A Rust-native local LLM inference engine — GGUF in, OpenAI-style API out, every claim backed by reproducible evidence.

Camelid loads GGUF models directly, serves them over a local OpenAI-style API, and gates every optimized path on token-for-token parity with a reference implementation. It is not a wrapper around Ollama or llama.cpp — the tokenizer, GGUF loader, CPU kernels, and Metal GPU path are all implemented in this repository, shipping as a single static Rust binary with no Python.

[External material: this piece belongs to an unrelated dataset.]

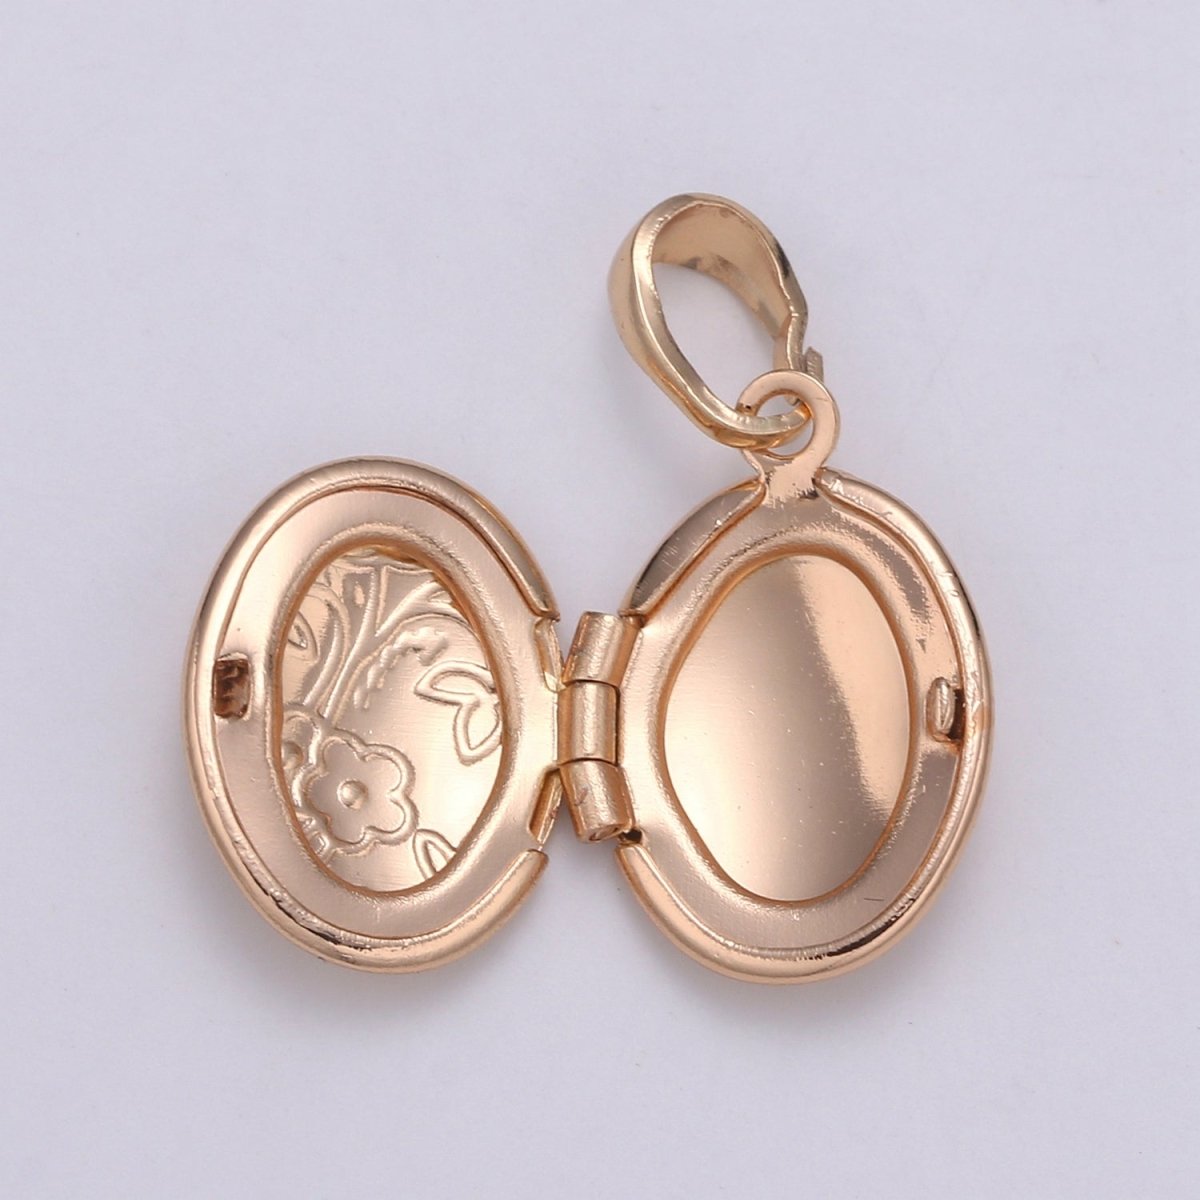 Rose Gold Filled Oval Locket Flower Photo Locket, Minimalist Jewelry, Necklace Pendant for Jewelry Making supply H-127 - DLUXCA

_{The local web frontend — a dark, collapsed-rail chat surface that unlocks chat only for model rows the compatibility contract recognizes.}

Get started in two commands

Grab the binary for your platform from the latest release (the chat UI is built in), then:

./camelid pull llama32_3b      # download a supported model into ./models
./camelid serve --model models/Llama-3.2-3B-Instruct-Q8_0.gguf

serve opens the chat UI in your browser automatically. No Python, no Node, no Docker, no separate server — one static binary that serves the OpenAI-style API and the web UI on the same port. Full details in Install and Quickstart.

Why Camelid


🦀 Rust-native	Tokenizer, GGUF loader, CPU kernels, and Metal GPU path live in this repo. One static binary, no Python.
📦 Direct GGUF	Point it at a `.gguf` file — no conversion or import step.
🔌 OpenAI-style API	`/v1/chat/completions` and `/v1/completions` with SSE streaming, served locally.
✅ Correctness-first	Optimized paths ship only after token-for-token parity with a reference; unsupported configs fail closed with typed errors.
🧾 Proof-carrying	Any request can emit a sealed parity receipt — exact GGUF (SHA-256), exact input, exact tokens — independently re-verifiable against llama.cpp on your own machine, including 7B receipts on a 16 GB Mac.
📊 Evidence-gated	Every published number comes from a committed bundle with raw logs, commands, and versions. No raw log, no claim.
⚡ Apple Silicon path	A Metal-resident pipeline (GPU prefill, GPU decode with on-GPU greedy sampling) measured head-to-head against llama.cpp and MLX-LM — wins, ties, and losses all stated.
🚀 Fast model loading	On Apple Silicon the server maps Q8_0 weights for the GPU to read in place instead of reading and copying them, so reloads are quick and peak memory stays lower.

Supported models

Support is per exact model row (a specific GGUF at a specific quantization), each backed by committed evidence. Anything not listed fails closed.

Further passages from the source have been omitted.